INFORMATION PROVIDED »
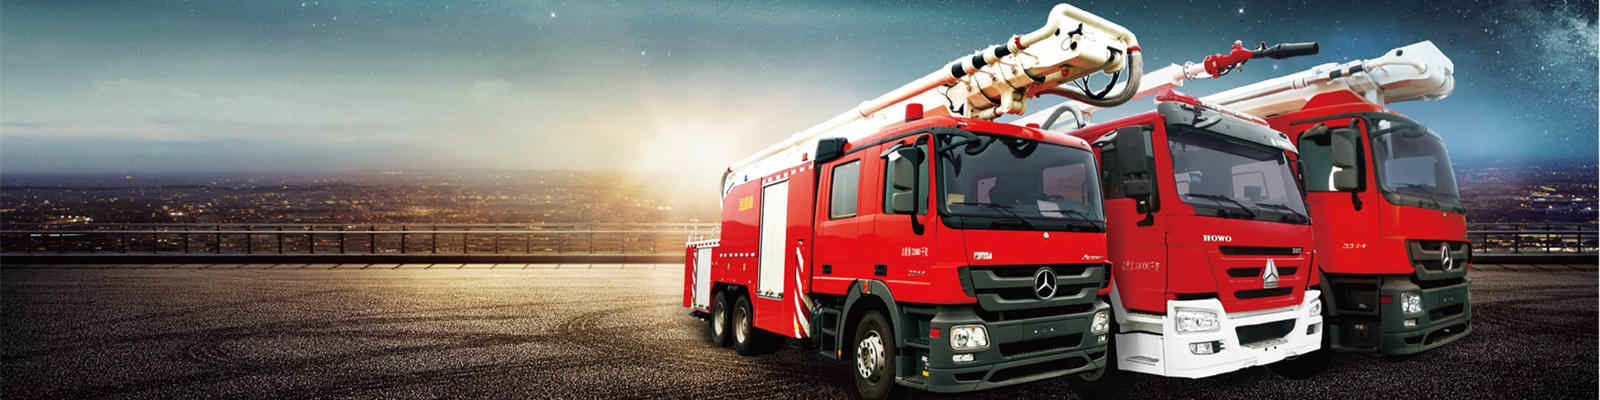 جودة شاحنات الإطفاء التجارية مصنع
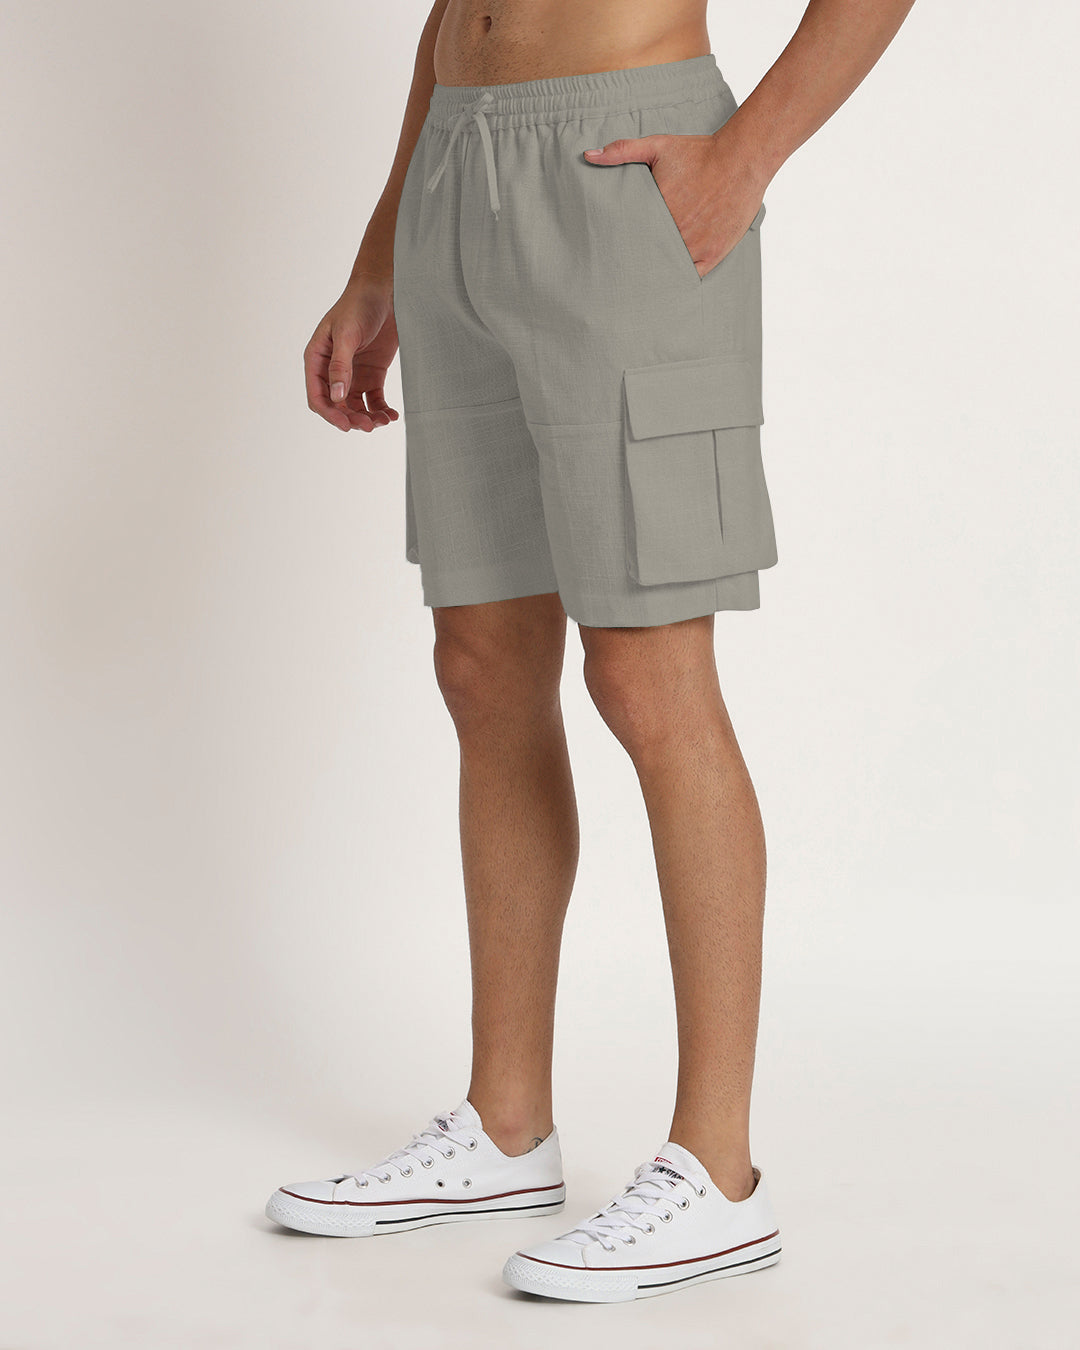 Combo : Slub Comfort Cargo Shorts Black & Grey Men's Shorts
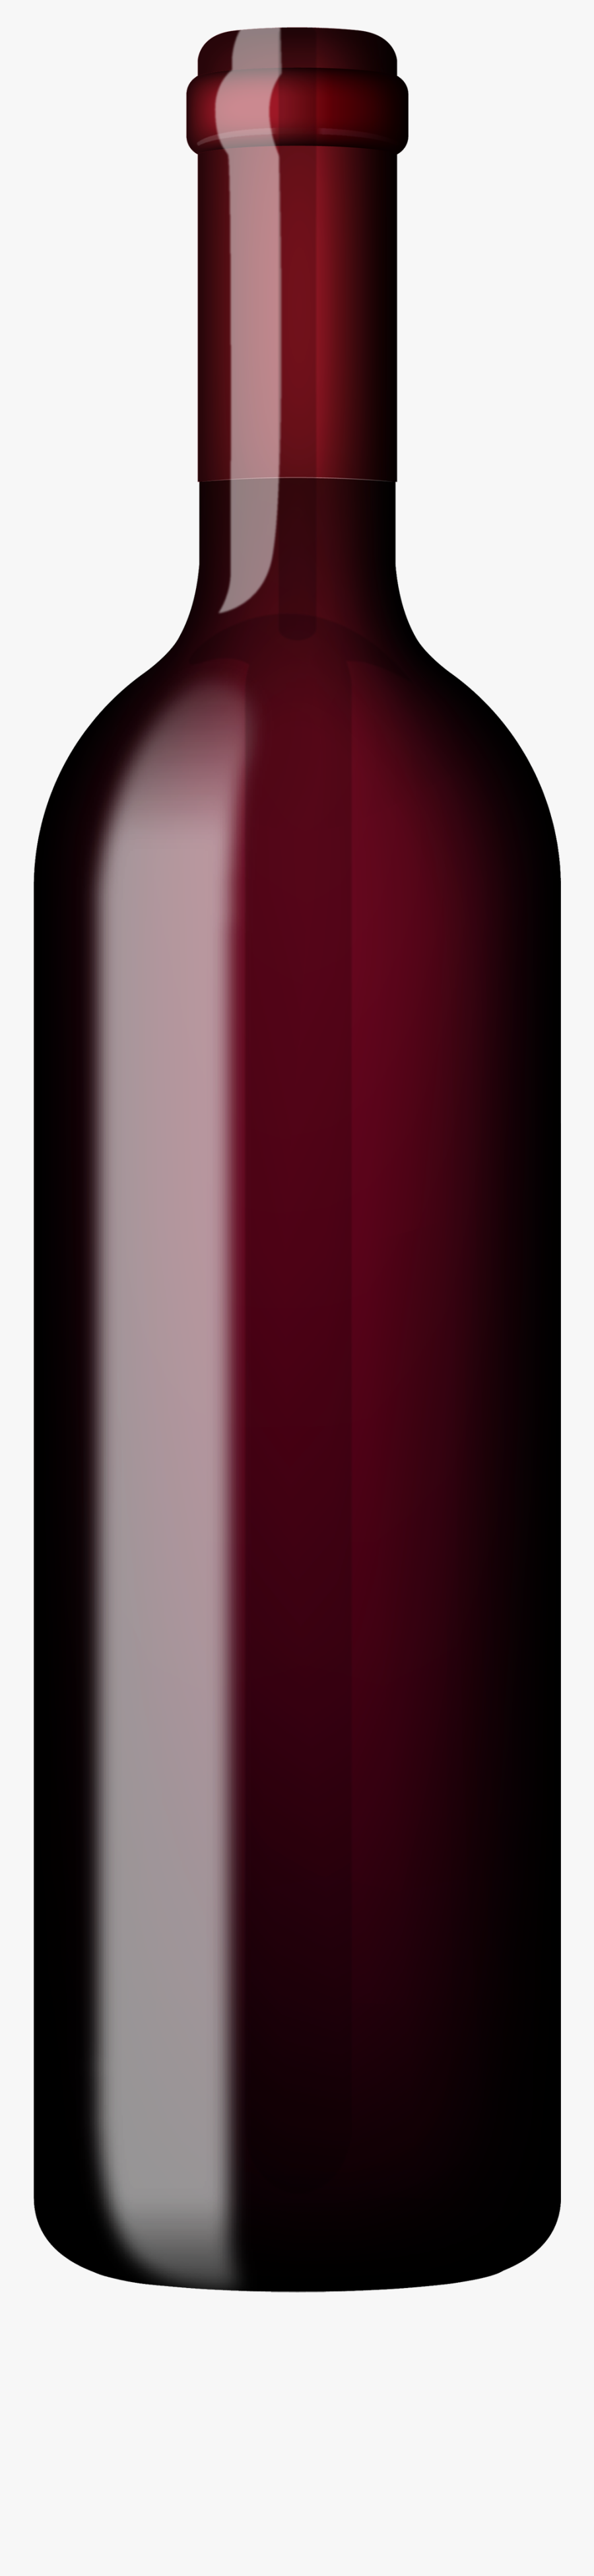 Wine Bottle Download Wine Clip Art Free Clipart Of - Red Wine Bottle Clip Art, Transparent Clipart

INSTRUCTIONS FOR THE TASK » Skip every picture and transcribe the data above exactly.

TASK RESULT »
 جودة شاحنات الإطفاء التجارية مصنع
 Combo : Slub Comfort Cargo Shorts Black & Grey Men's Shorts
 Wine Bottle Download Wine Clip Art Free Clipart Of - Red Wine Bottle Clip Art, Transparent Clipart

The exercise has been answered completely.